Download the authoritative guide: Enterprise Data Storage 2018: Optimizing Your Storage Infrastructure
You may have heard that metadata is data about data (if that makes any sense). But how about metadata about metadata (data about data about data)?
Actually this is an important topic—understanding and monitoring how and when files are created, used, modified and removed. This information can tell you a great deal about what's happening with your data.
Quick questions: Can you quickly tell me the average file size on your storage system? Can you tell me the average file age?
Being able to answer these questions quickly can help you determine if you need new storage, what type of storage you need, and if you need to archive or move old data off your system, to something cheaper or perhaps just get rid of it (I know, heresy, right?). Gathering the information about the files on a file system, that is, gathering metadata about the metadata, is a critical—and very neglected—task in the storage world.
Suppose you are responsible for the budget for data storage. An admin or a user comes to you and says they are running out of space or that the performance of the storage is slow and they need new storage. I don't know about you, but I would want them to explain why. That means they need to explain what's going on with the storage. A friend of mine calls it "showing your math." If you are the administrator you will need to be able to present some understandable and useful information. For example,
- How quickly is the capacity is being consumed? Be sure to show this with some detail (not just a global view). For example, a simple chart that could illustrate which user or group of users is consuming the data the quickest is important.
- How much "old" data is there? (Maybe create a histogram showing the age of the files.)
- Who has the oldest files? (histogram by user and/or group)
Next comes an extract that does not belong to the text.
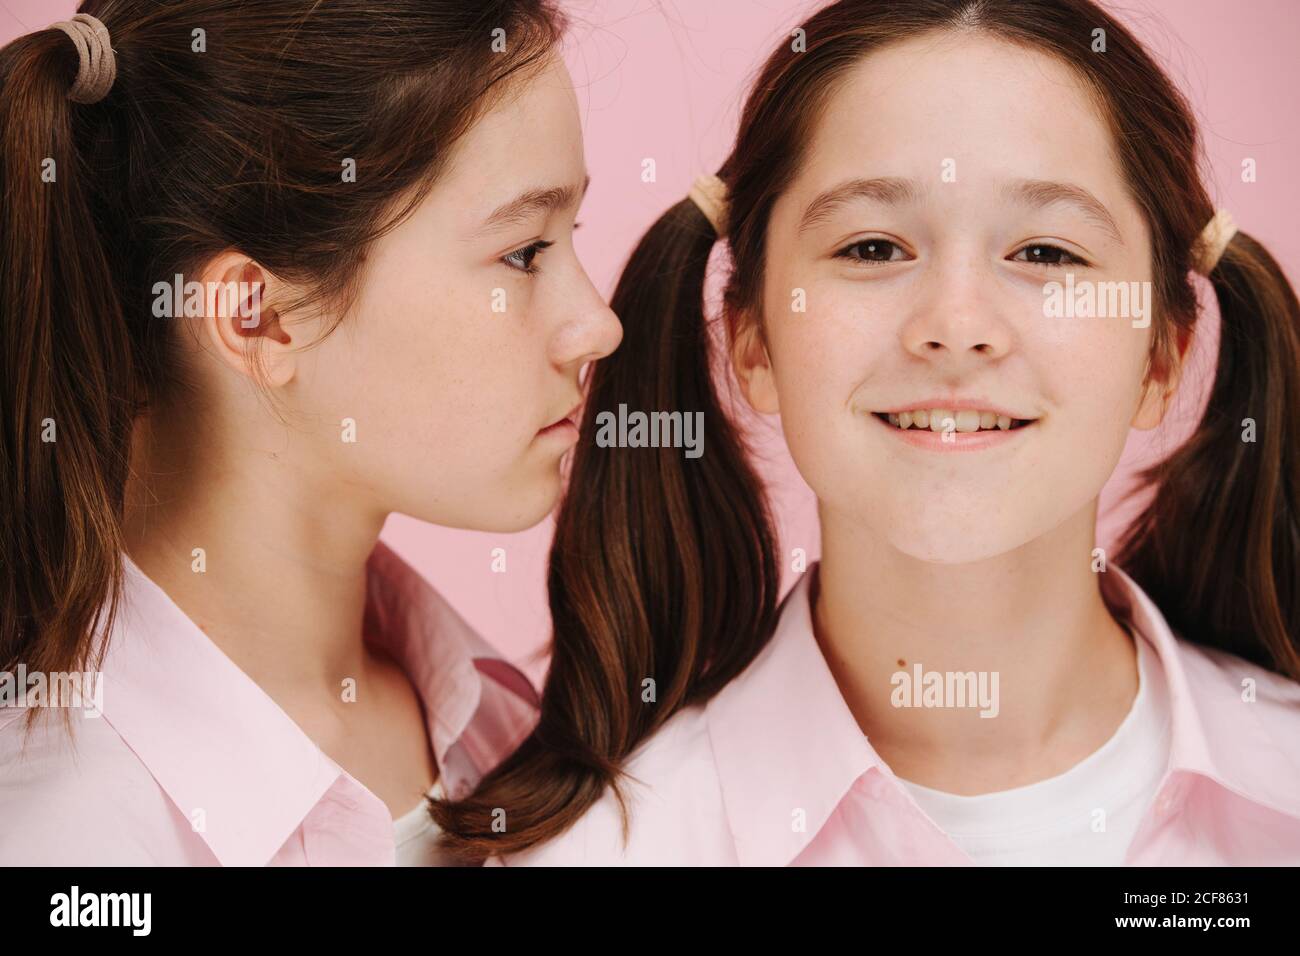 Beautiful little twin sisters posing. One is facing side other facing forward. Stock Photo

- If you want a faster storage solution, can you show why you need one? Maybe you could show that you have a large number of files, lots of them are really small or really large, etc.
Plus, if I were responsible for the purse strings for new storage I would not like to be blind-sided with such a request at the last minute. I would like to have some idea that this request is coming so I can prep my management and also prep the funding channels. Therefore, it is a good idea to present this information (trends) to management over time. Maybe once a quarter or so you can do a quick presentation of the information?
There are some commercial tools that can do some of this. For example, spaceobserver can provide a great deal of metadata information about Windows file systems with the ability to sort it and view it. But it can't describe everything and isn't flexible enough (plus it doesn't do non-Windows file systems).
There are some open-source tools that might help as well. For example, fsstats is a Perl script that walks file trees and gathers some file system information and presents it to the user with a breakdown of the file data.
These tools, while providing some information, didn't provide everything I wanted in a way that was useful to me. Therefore, I decided to write my own tools so that I can understand a bit more about my data. My goal is to help you learn a bit about how important metadata of your metadata can be.
Tools, Tools, Tools
I chose to divide the tool into two pieces. The first one just walks a file tree and gathers metadata. The second piece takes two or more of these collections and performs a statistical analysis on them and creates a report. These are not intended to be final tools for production use, but rather starting points for developing your own tools or your own approach.
I've chosen to write the tools in Python because there are a wide variety of libraries, modules and tools that can be used, making my life easier. A few years ago, I wrote a simple tool, FS_scan that would walk a file tree and gather the file statistics and create a Comma Separate Values (csv) file that you could use in a spreadsheet. I'm going to start with that tool but separate the fundamental tasks of (1) gathering the data, and (2) processing the scan(s) for statistical information. The tools can be downloaded from this page.
Just a quick note about the tools and the programming style. I'm sure my Python coding style isn't really what is considered "pythonic." I've tried to use more modern features of Python such as iterators, but my overall style is not typical of Python developers. Plus, I use comments to indicate the end of a loop or an if statement. I've found that these help my coding. Comments and suggestions about the coding are always appreciated.
Gathering the Data
I won't spend too much time on the data gathering tool since much of the detail is in the older article. But for completeness sake, let me explain a bit about it.
Python has a module called os that allows you to walk a file system and also gather "stat()" information on the file using the os.stat function (method). As a result, the tool can easily gather the following information:
- The size of the file in bytes
- The ctime of the file (change time)
- The mtime of the file (modify time)
- The atime of the file (access time)
- The uid and gid of the file
The three "times" are output as seconds since the epoch but are easy enough to convert to something more meaningful using the Python time module.
The uid and gid are converted to "real" names, if possible, using the Python module/functions, pwd.getpwuid and grp.getgrgid. I like to do this because if you just store the numeric values and process the files on a different system, you may get different mappings from uid/gid to actual names. So I like to do the uid/gid "decoding" before I store the data.
The data gathering code, which I refer to as fsscan, stores the data in what is called a pickle file. This process takes Python objects and converts them to byte streams for actual writing. Reading the byte stream is just the reverse. Pickling allows you to take Python data structures and write them to a file in a single function.